Creates new data export in given data model.

Parameters:

query (Union[DataQuery, PQL]) –

PQL query to export.
export_type (ExportType) –

Export type.
query_environment (Optional[QueryEnvironment], default: None ) –

Query environment KPIs.

Returns:

DataExport –

A DataExport object for newly created data export.

Examples:

Manually run data export and wait for it to finish:

data_export = data_model.create_data_export(query=query, export_type=ExportType.PARQUET)
data_export.wait_for_execution()
chunks = data_export.get_chunks()

for chunk in chunks:
    with open(f"<file_name>.parquet", "wb") as f:
        f.write(chunk.read())

export_data_frame ¶

export_data_frame(query, query_environment=None)

Creates new data export and downloads exported data as data frame.

Warning

The method data_model.export_data_frame has been deprecated and will be removed in future versions. Please use SaolaPy from now on to export PQL queries:

import pycelonis.pql as pql

df = pql.DataFrame.from_pql(query, data_model=data_model)
df.head()

Parameters:

query (Union[DataQuery, PQL]) –

PQL query to export.
query_environment (Optional[QueryEnvironment], default: None ) –

Query environment KPIs.

Returns:

DataFrame –

A data frame containing the exported data.

Examples:

Export data into dataframe:

from pycelonis.pql import PQL, PQLColumn, PQLFilter, OrderByColumn

query = PQL(distinct=False, limit=None, offset=None)
query += PQLColumn(name="_CASE_KEY", query='"ACTIVITIES"."_CASE_KEY"')
query += PQLColumn(name="ACTIVITY_EN", query='"ACTIVITIES"."ACTIVITY_EN"')

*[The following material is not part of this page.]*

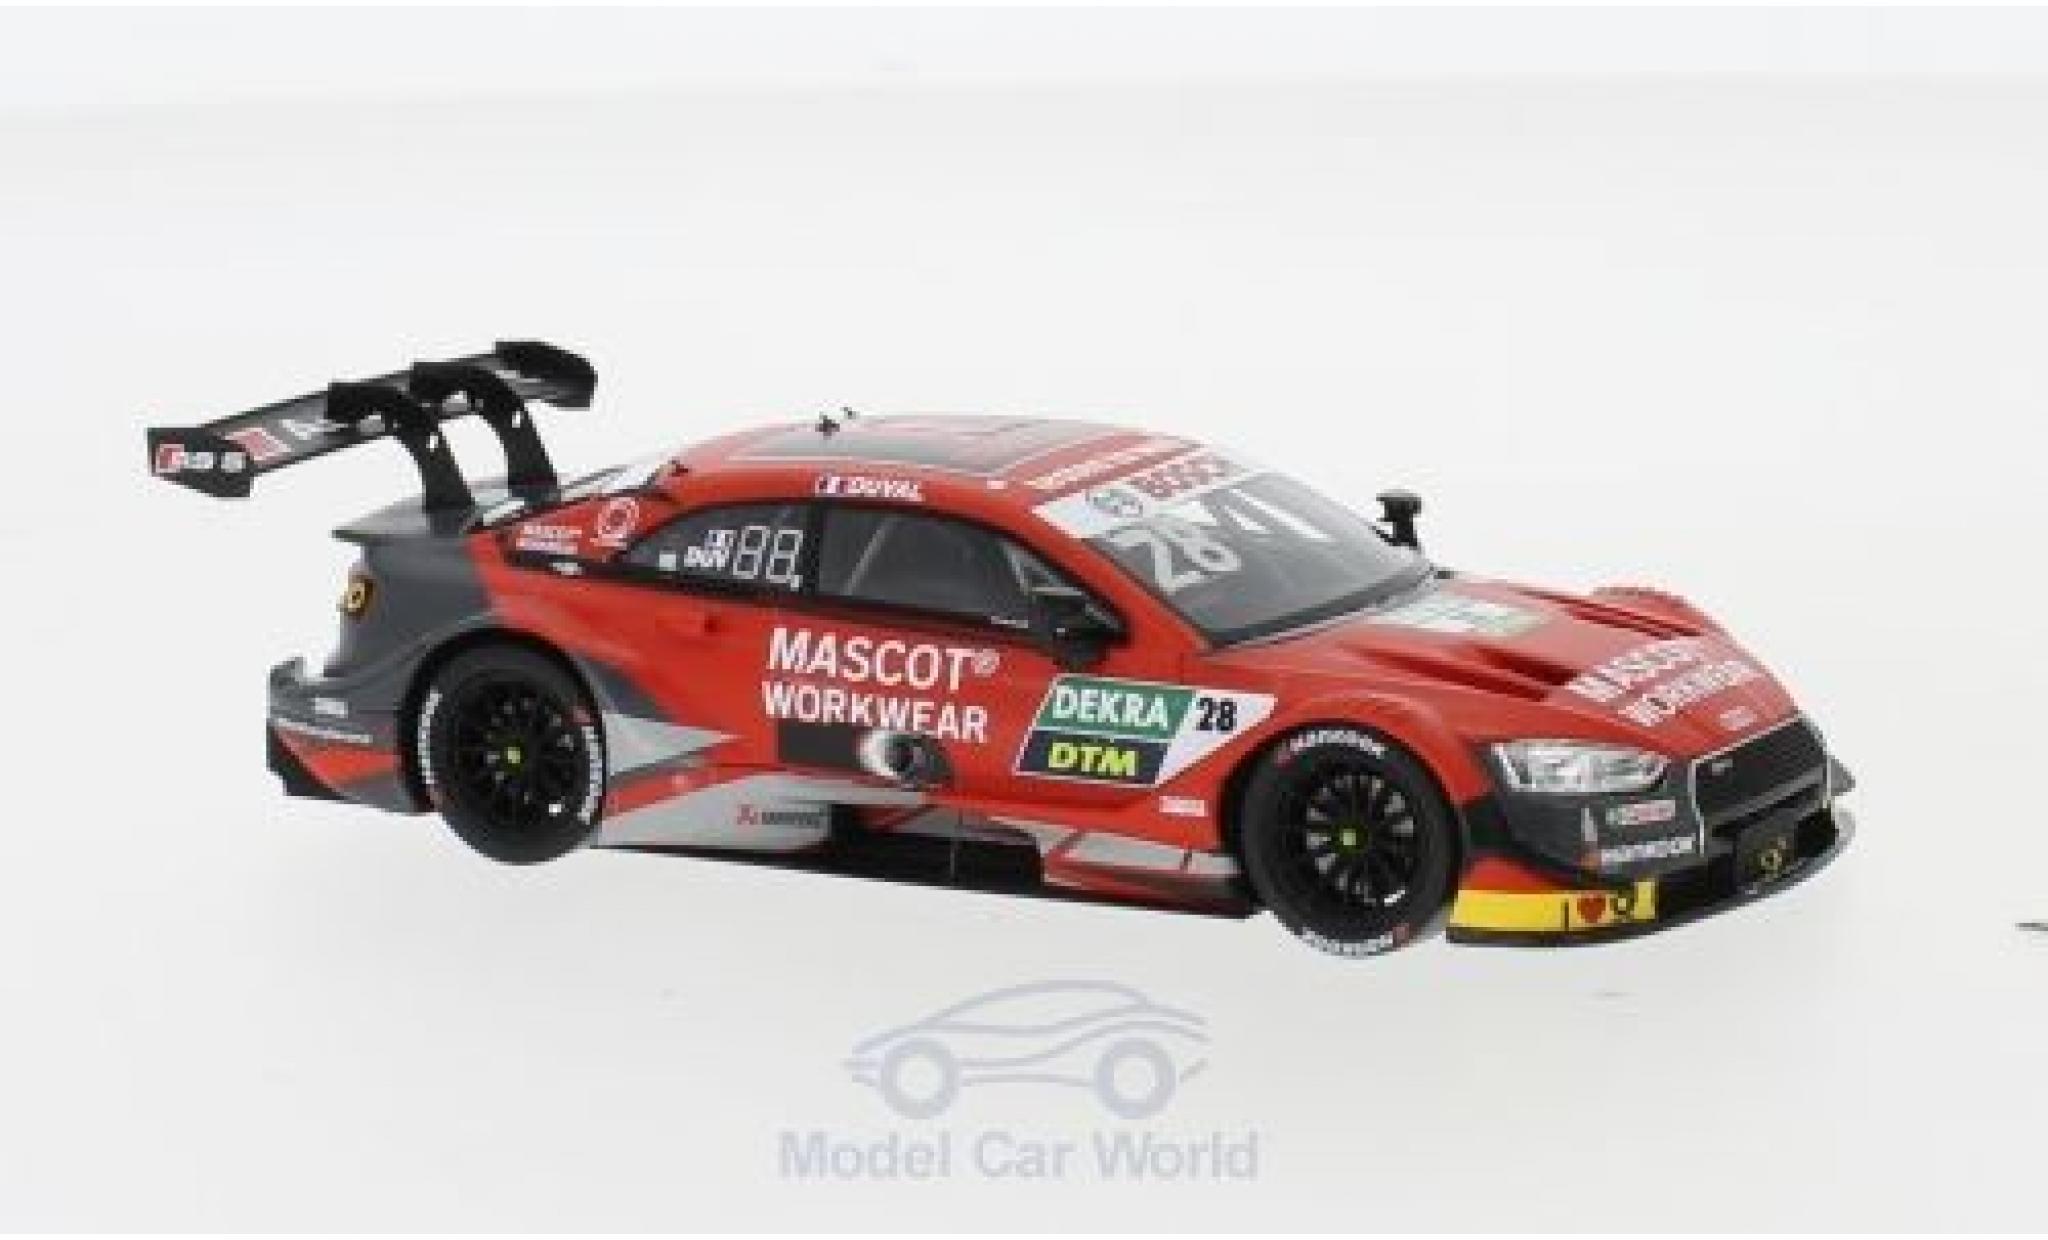 Audi RS5 1/43 Spark RS 5 DTM No.28 DTM 2019 L.Duval
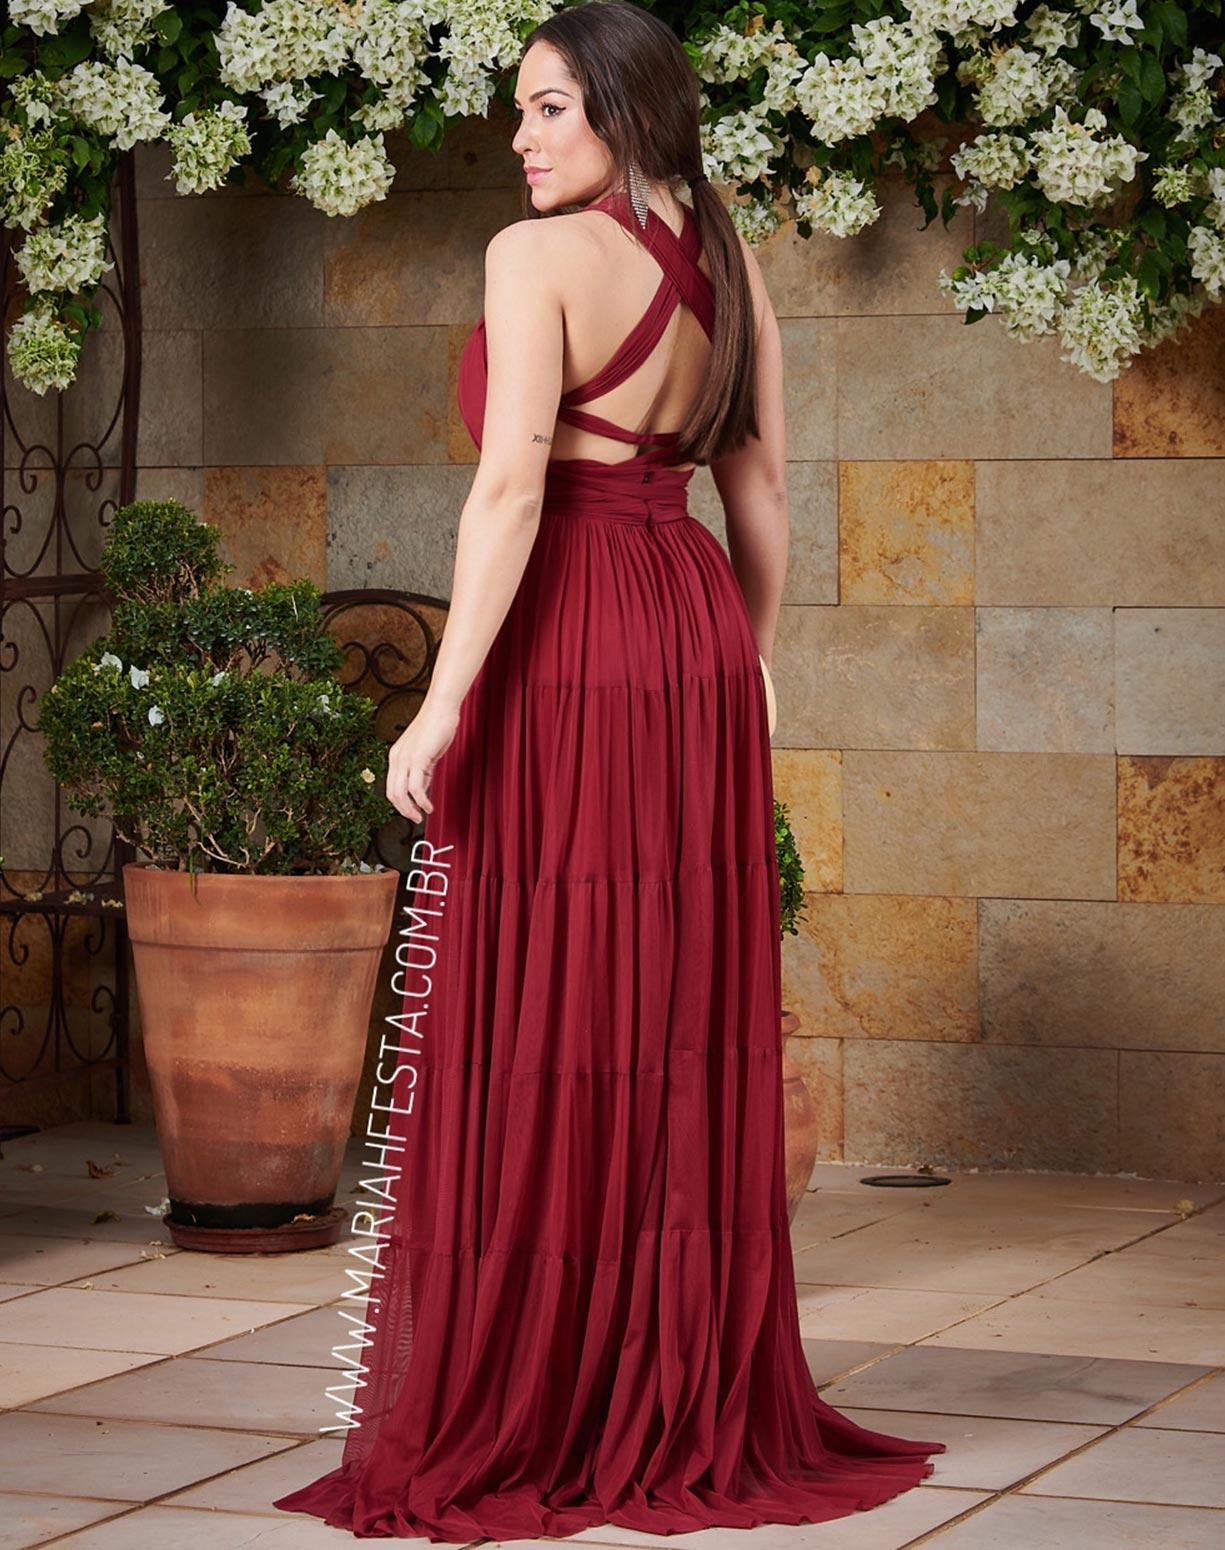 Vestido Marsala em Tule com Alças Transpassadas

df = data_model.export_data_frame(query)

create_foreign_key ¶

create_foreign_key(
    source_table_id, target_table_id, columns
)

Creates new foreign key with name in given data model.

Parameters:

source_table_id (str) –

Id of source table
target_table_id (str) –

Id of target table
columns (List[Tuple[str, str]]) –

List of 2D-tuples consisting of a 'sourceColumnName' and 'targetColumnName' which represents the foreign_key, e.g. columns=[('Col1', 'Col3'), ('Col2', 'Col2'), ..]

Returns:

ForeignKey –

A ForeignKey object for newly created foreign key.

Examples:

Create foreign key between two tables:

ekpo = tables.find("EKPO")
activities = tables.find("ACTIVITIES")

foreign_key = data_model.create_foreign_key(
    source_table_id=ekpo.id,
    target_table_id=activities.id,
    columns=[("_CASE_KEY", "_CASE_KEY")]
)

get_foreign_key ¶

get_foreign_key(id_)

Gets foreign key with given id.

Parameters:

id_ (str) –

Id of foreign key.

Returns:

ForeignKey –

A ForeignKey object for foreign key with given id.

get_foreign_keys ¶

get_foreign_keys()

Gets all foreign keys of given data pool.

Returns:

CelonisCollection[ForeignKey] –

A list containing all foreign keys.

add_name_mappings ¶

add_name_mappings(file_path)

Add the name mappings to data model.

Parameters:

file_path (Union[str, Path]) –

Path of name mapping Excel file.

Returns:

List[Optional[NameMappingTransport]] –

List of name mappings.

get_name_mappings ¶

get_name_mappings()

Gets name mappings of given data model.

Returns:

List[Optional[NameMappingTransport]] –

A list containing all name mappings.

delete_name_mappings ¶

delete_name_mappings()

Deletes name mappings of given data model.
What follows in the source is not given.